== DATA SECTION

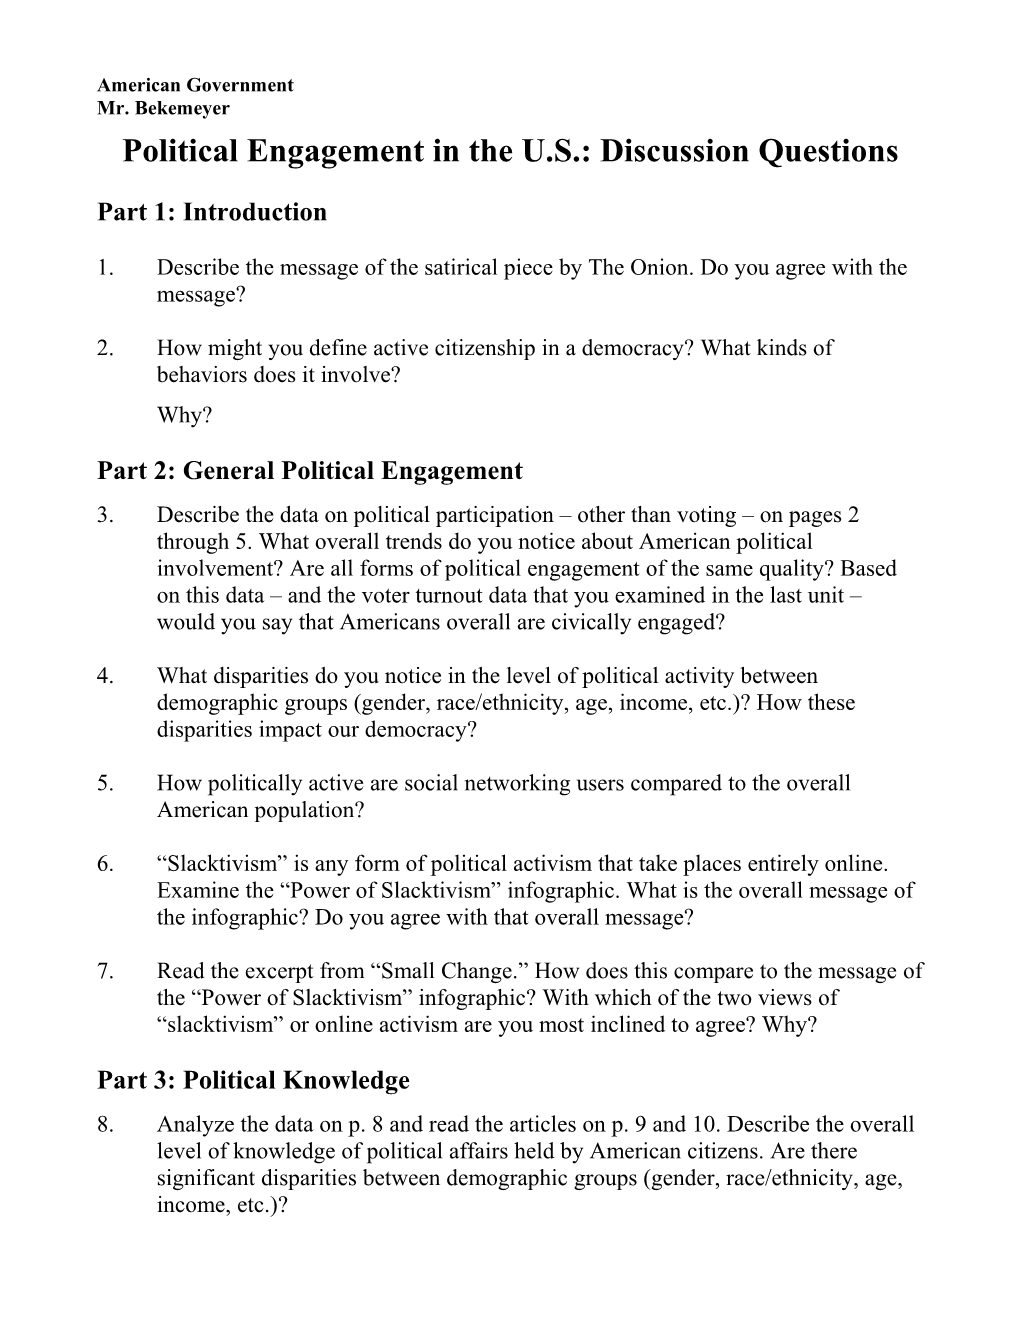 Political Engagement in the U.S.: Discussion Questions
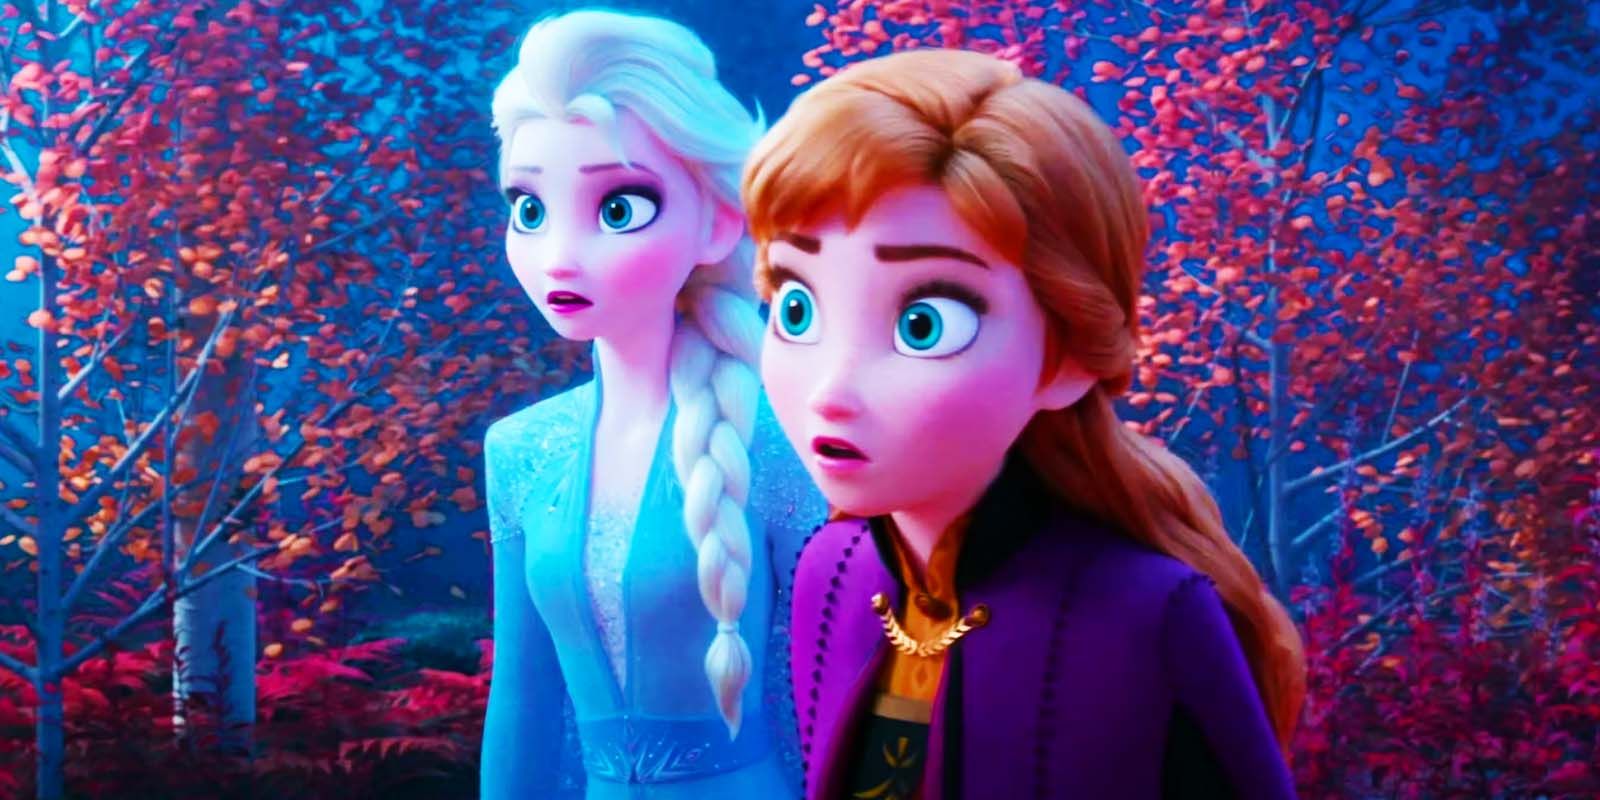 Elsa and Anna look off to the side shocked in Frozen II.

====
== DATA SECTION

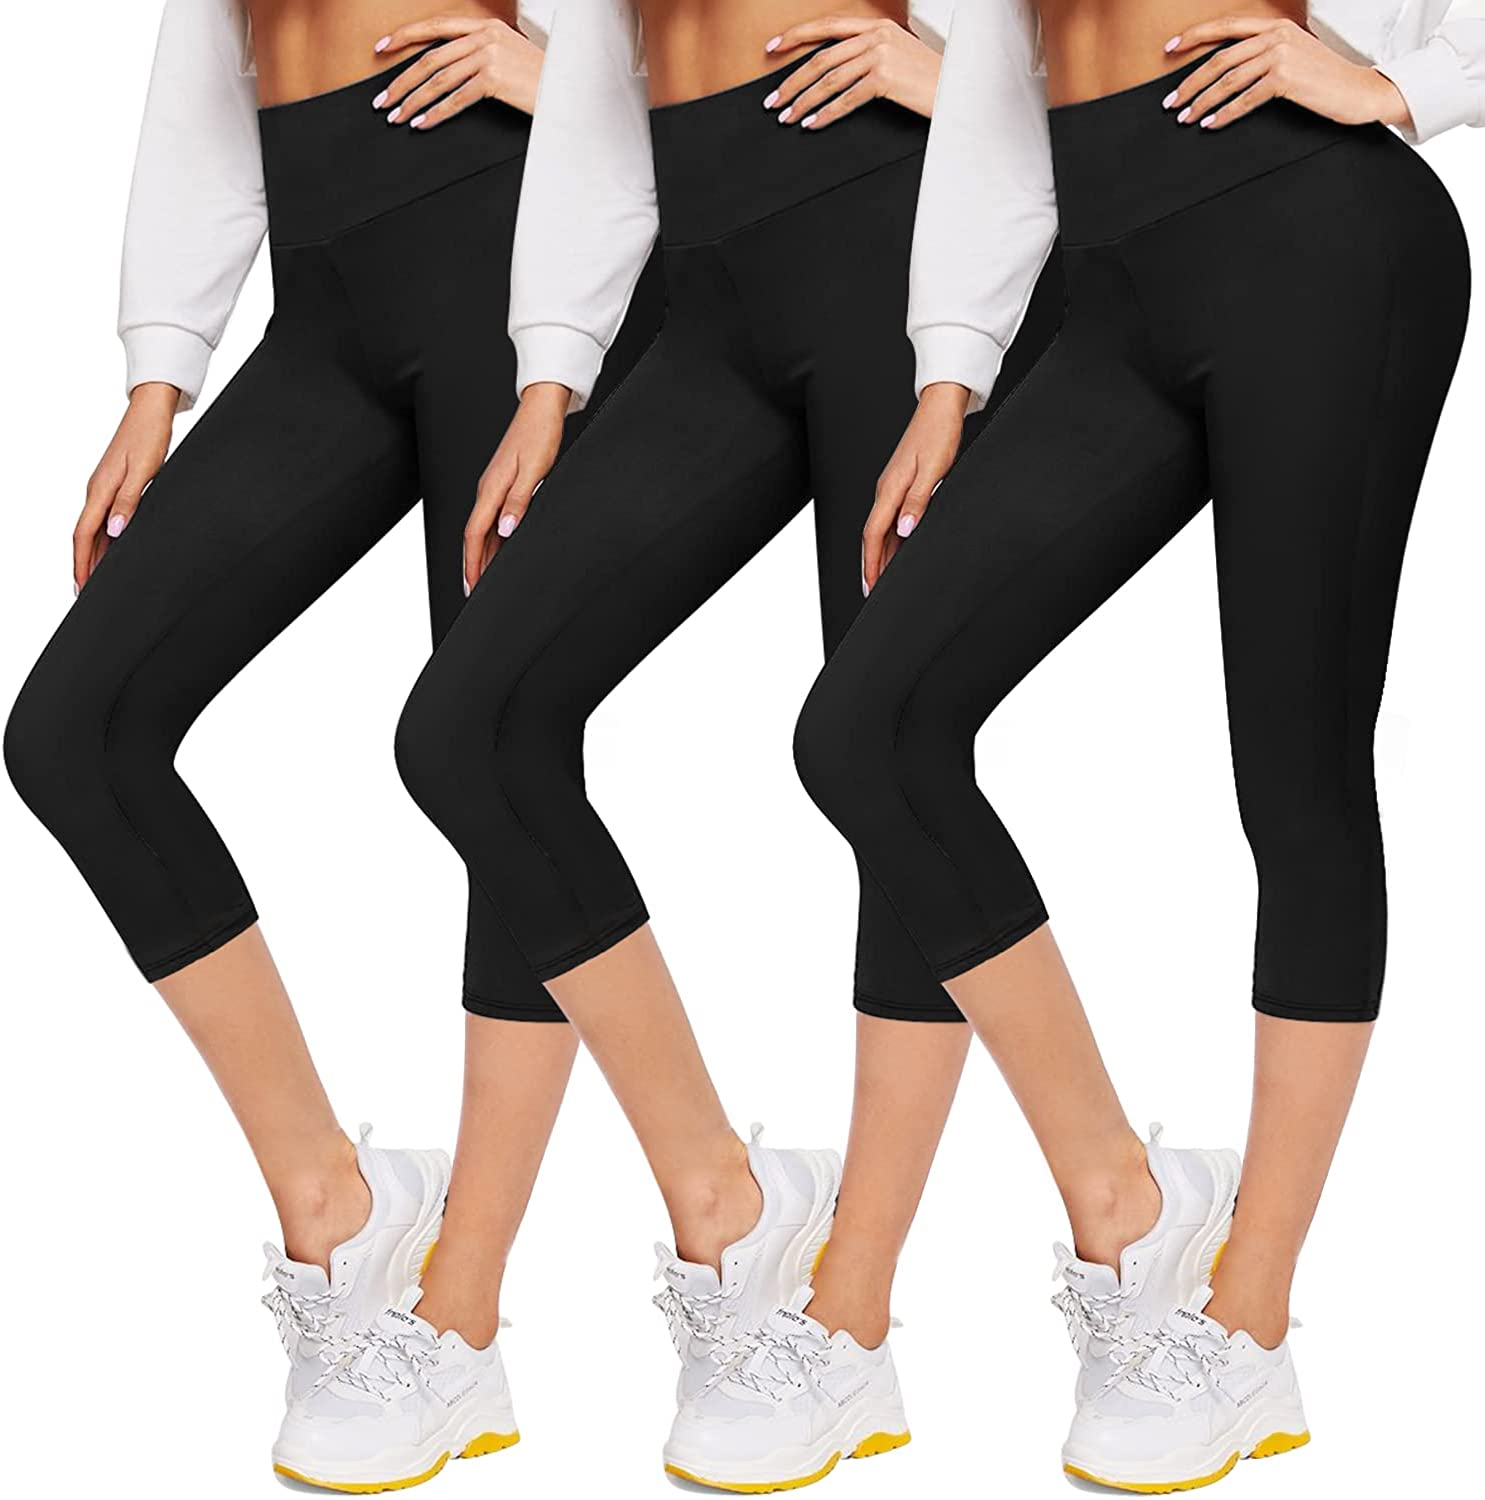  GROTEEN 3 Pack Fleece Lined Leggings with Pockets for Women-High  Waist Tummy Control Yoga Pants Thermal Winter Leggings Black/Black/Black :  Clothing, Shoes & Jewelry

====
== DATA SECTION

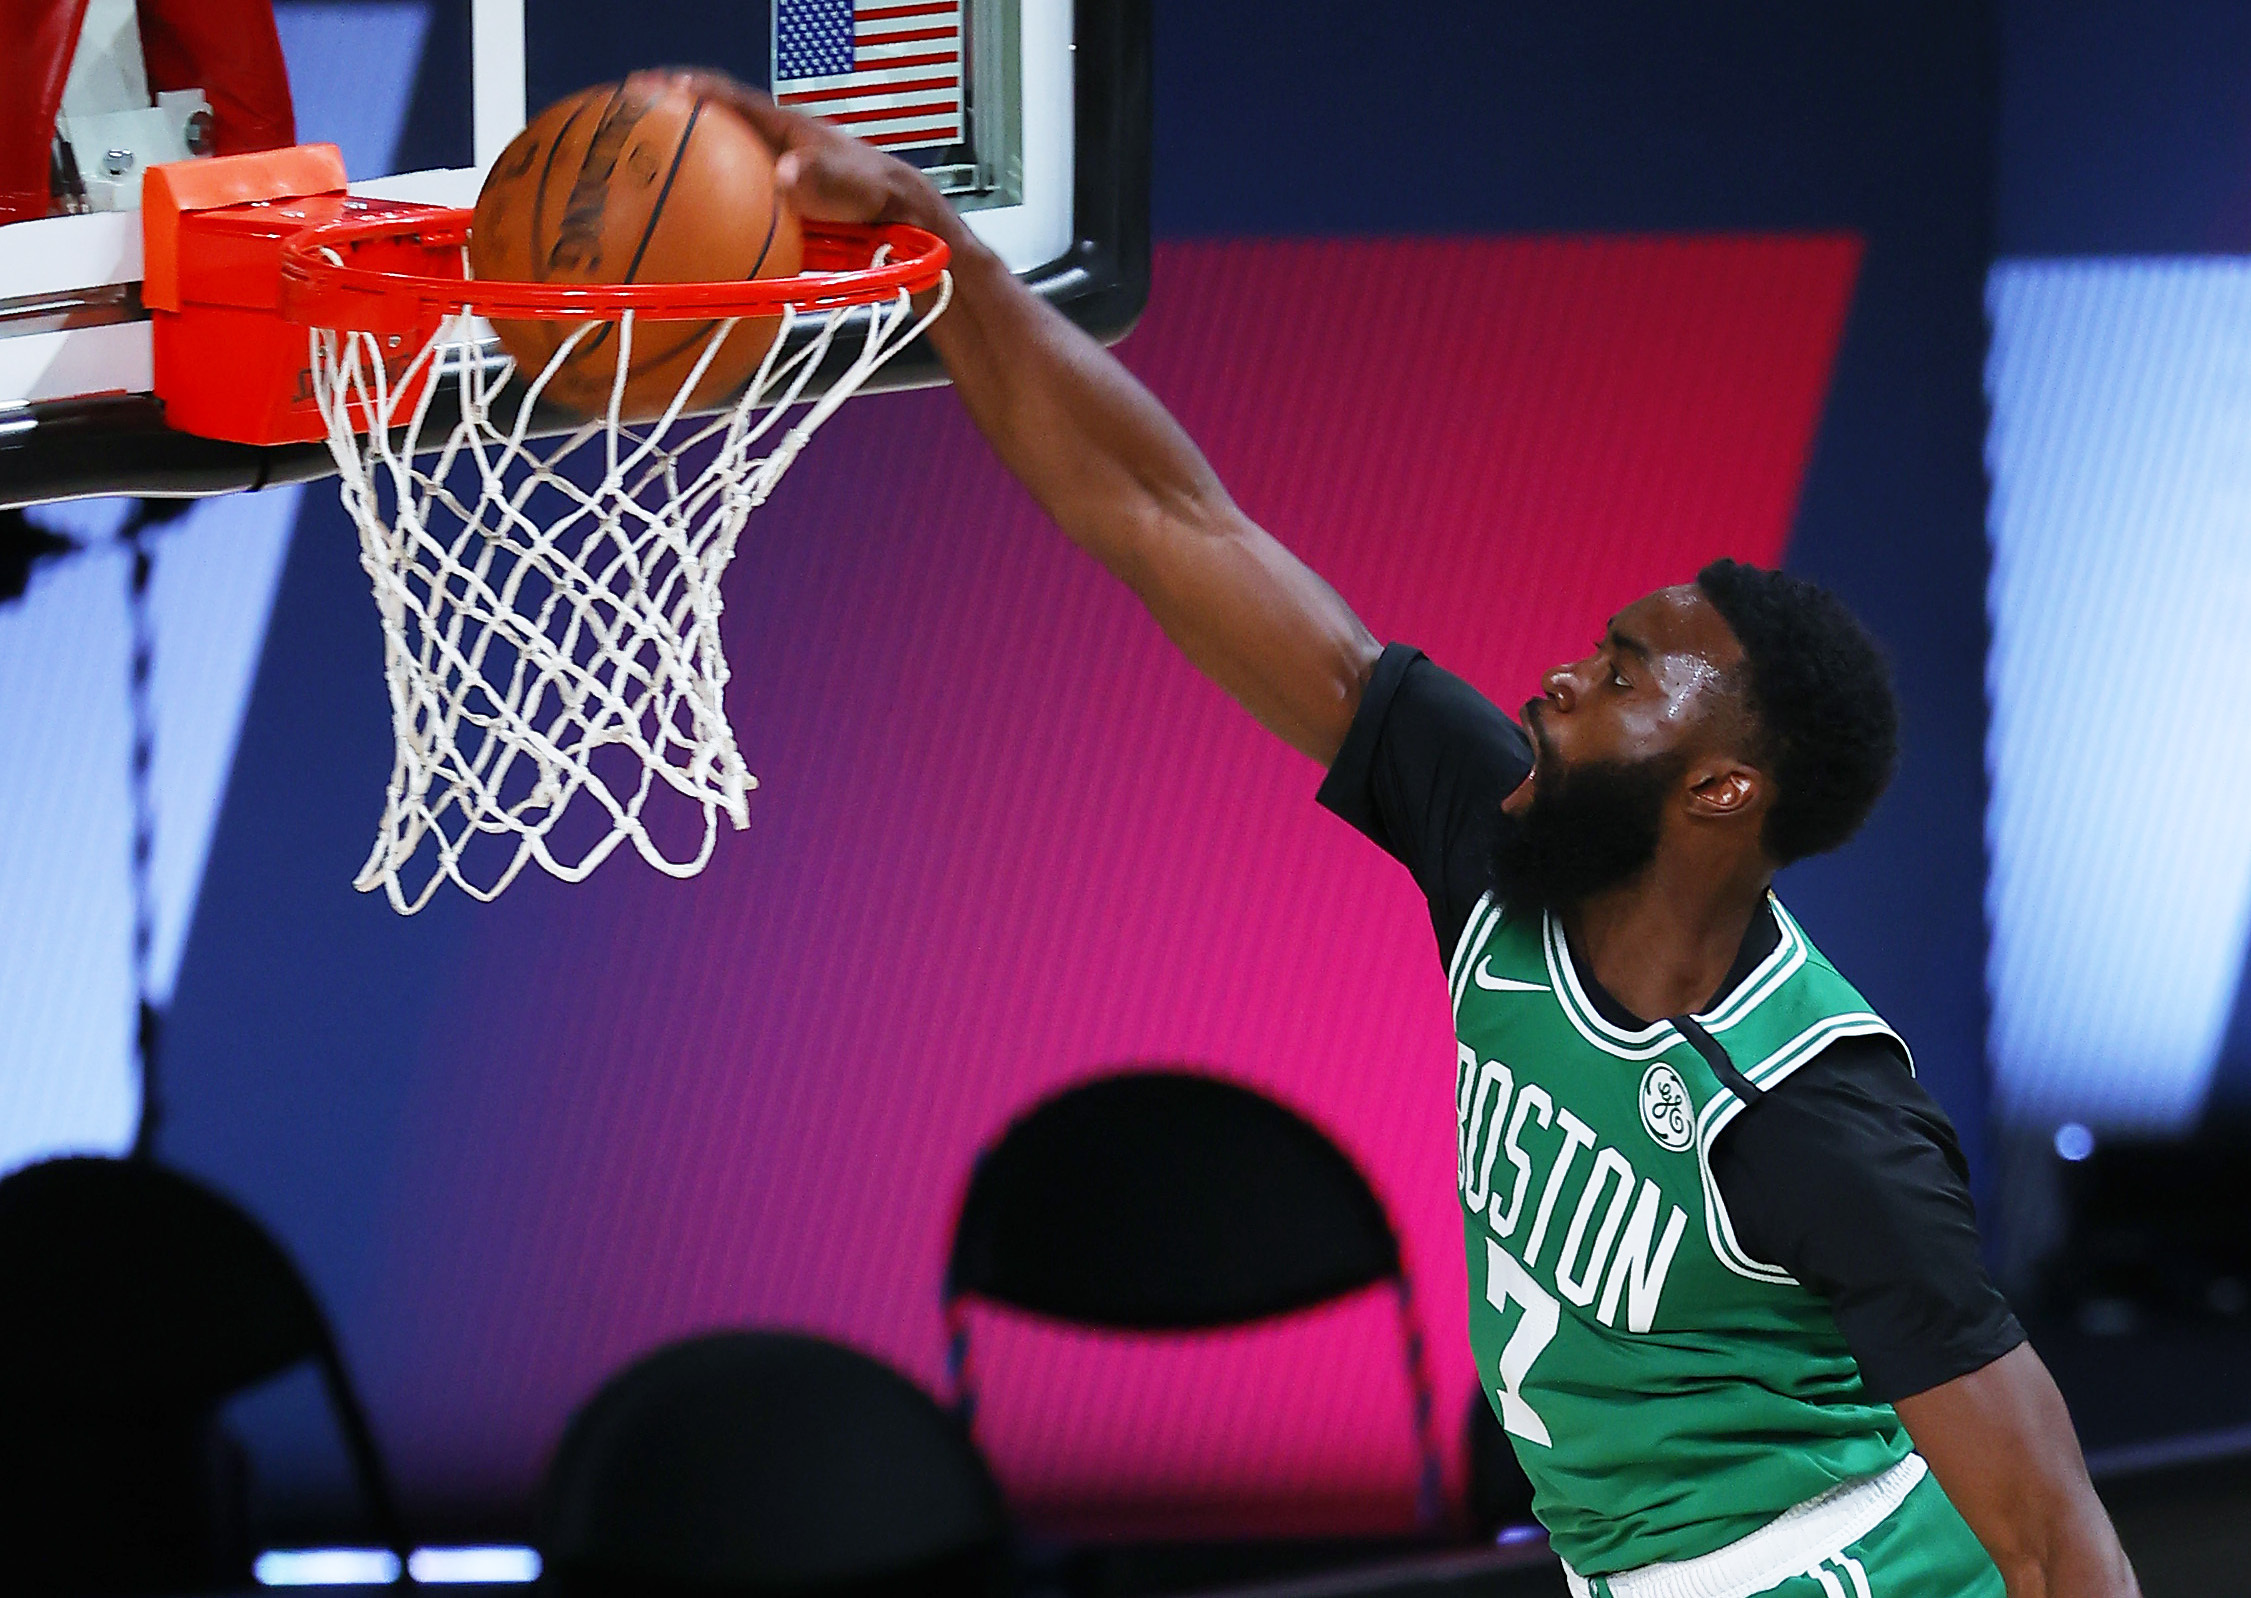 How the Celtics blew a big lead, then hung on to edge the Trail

====

▶ _BRIEF_
Word for word, repeat the lines above from the one with "Political Engagement in" through the one with "Elsa and Anna", and nothing beyond them. Omit the pictures.

▶ _RESPONSE TO THE EXERCISE_
 Political Engagement in the U.S.: Discussion Questions
 Elsa and Anna look off to the side shocked in Frozen II.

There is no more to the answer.